Most of the time, I take things moment by moment and try not to think of the big picture, but sometimes something happens to bring it all into focus. I'm hit with the magnitude and seriousness of what I'm doing, start thinking about the numbers (15% mortality rate) and freak out with abandon. But there's no going back, is there? And, I didn't really have a choice, did I? As one of my nurses on 11 Long (when I balked at the amount of pills he was giving me) said in his thick accent, "You want to live, yes?"

What did it today was an email. I'm on a CLL list, which I casually scan from time to time.
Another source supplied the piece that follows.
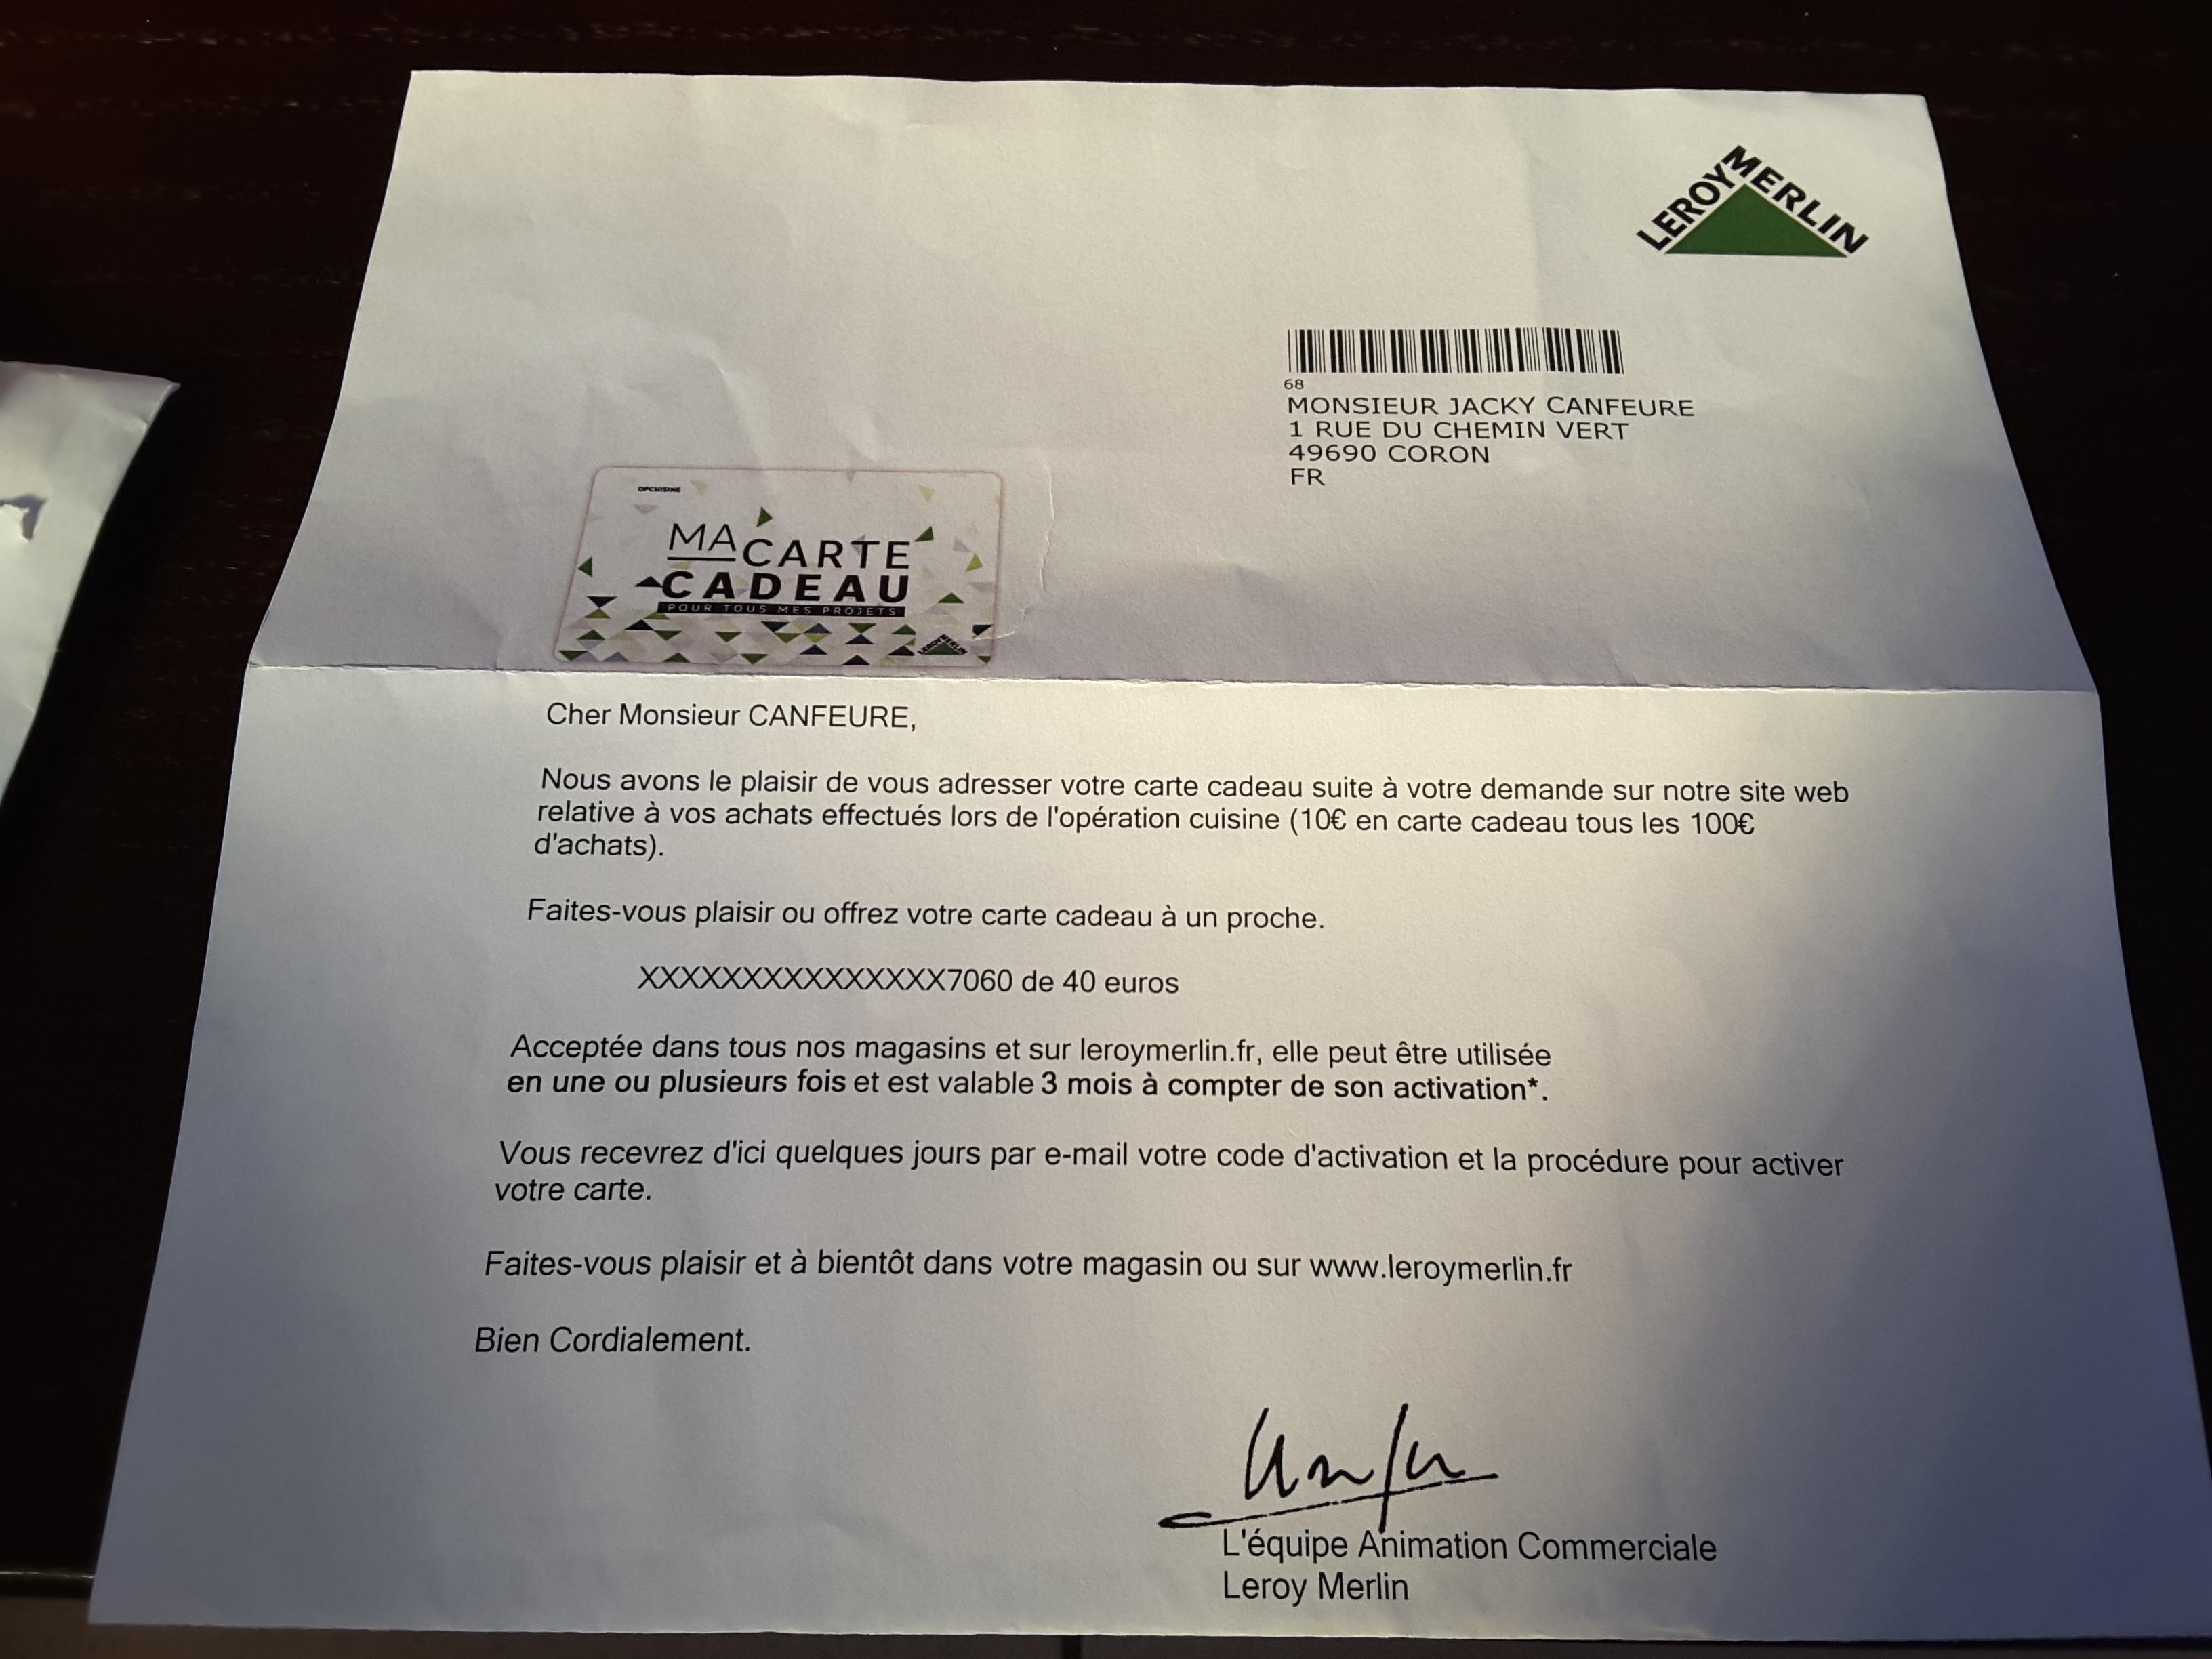 activation carte cadeau leroy merlin Code activation carte cadeau non reçu   Communauté Leroy Merlin
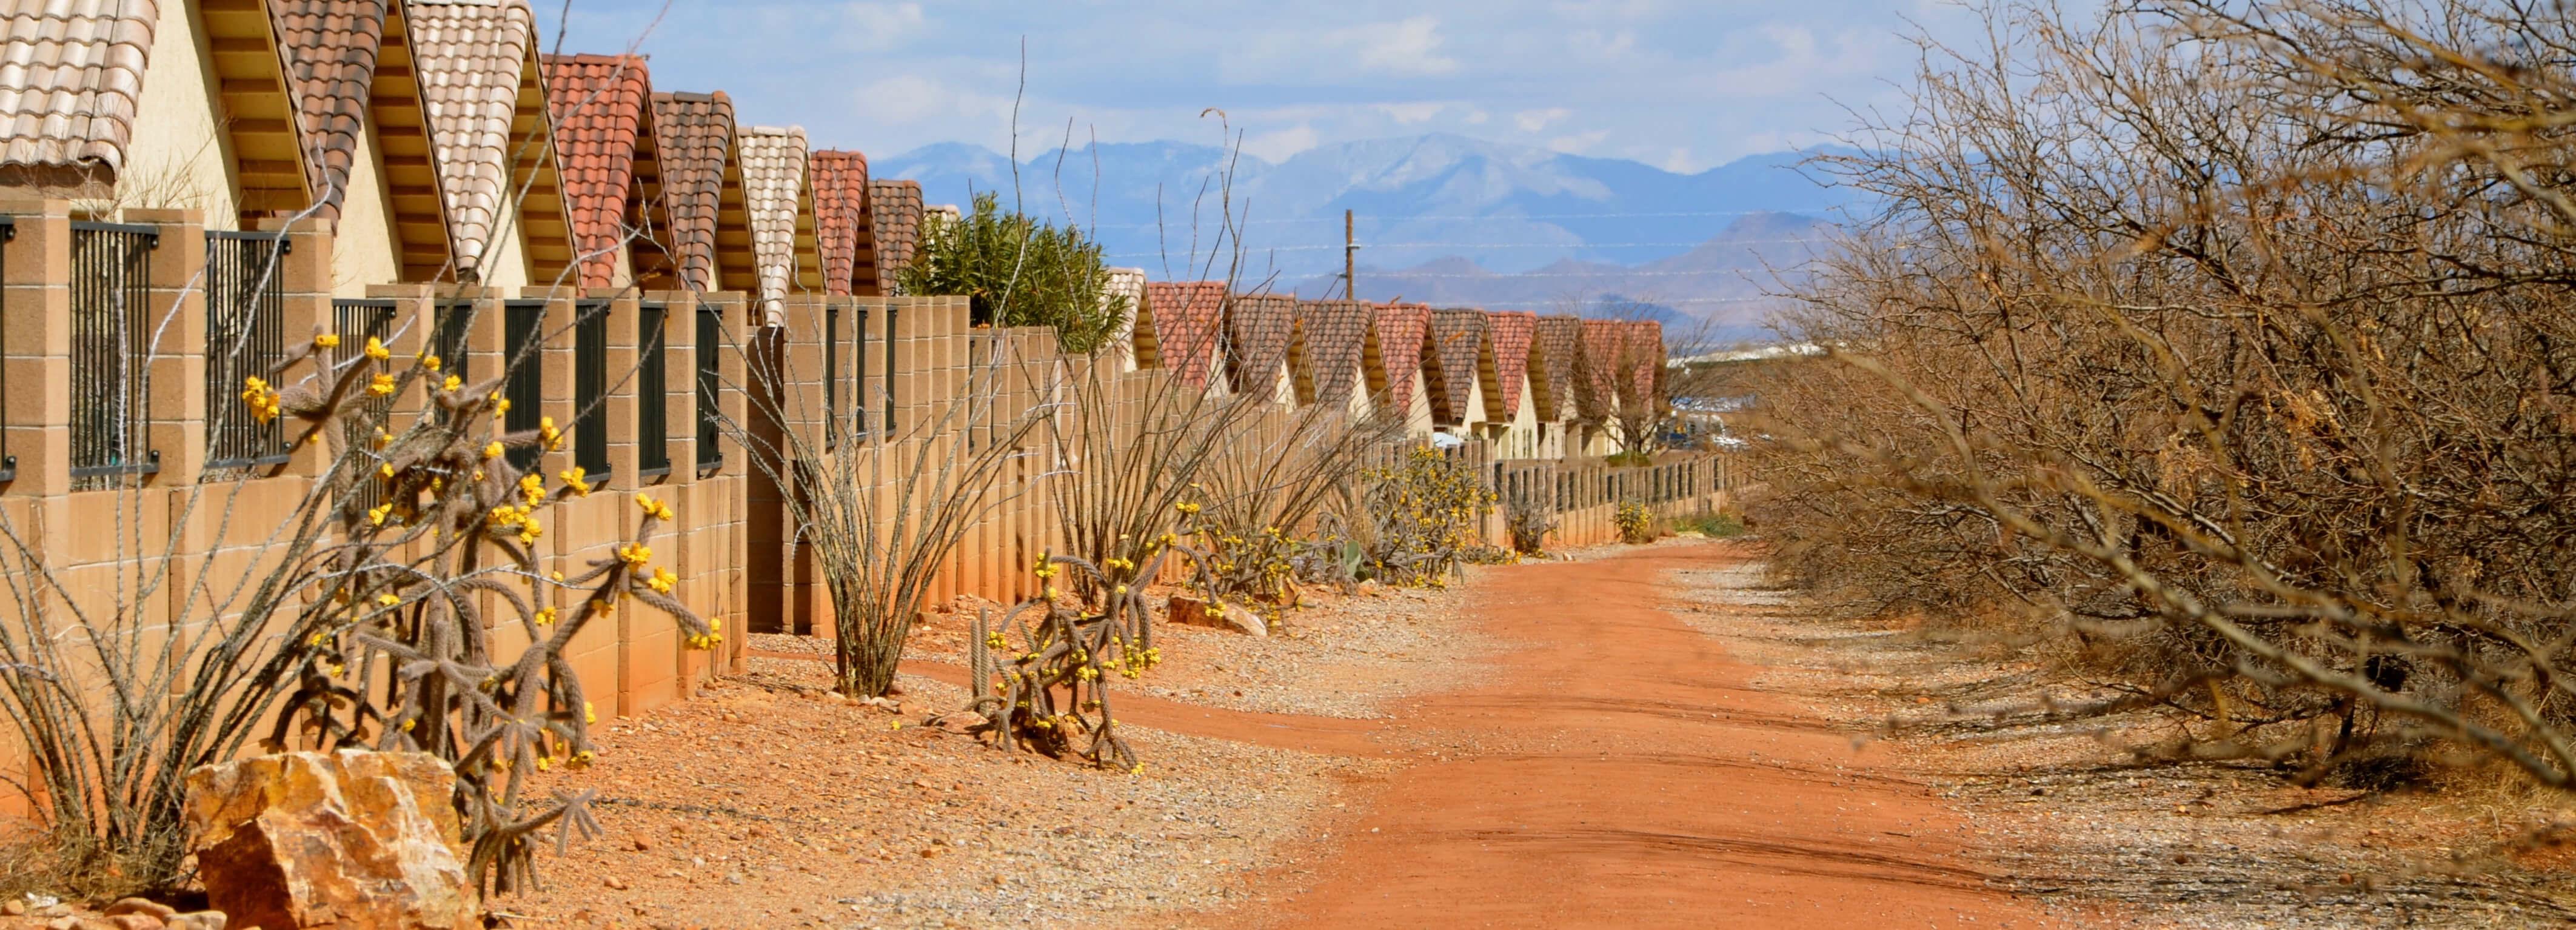 desert walk way

Today, a husband sent a message to the list saying that his wife had died, complications of a bone marrow transplant, mini-allo, non-related matched donor -- basically, just like mine. She was 40 years old (kinda blows the whole "but you're young" thing out the window).

I wouldn't have seen it, but it was the top message on the thread. Now I wish I hadn't. I hate it when reality sneaks up and hits you in the face like that.

But right now everything is fine. I still have my ups and downs, but the time I spend feeling good is increasing. Saturday, Ron, Ian, Zach and I went on a walk around Lake Lagunitas to visit Bambi's bench (for those of you who don't know Bambi Holmes was Marlene's sister, who died in a tragic car crash twelve years ago; the bench is an homage to her memory). The day was overcast, so it was the perfect kind of weather for me to be out in (I was sporting my new UV-protective hat and jacket anyway). Zach was so happy that Mommy was "out on the hike," because he usually just goes with Daddy. He held my hand and, every other step, he'd slide his feet apart like he'd slipped and say "Whoops!" then laugh his head off. I love the sound of his laugh.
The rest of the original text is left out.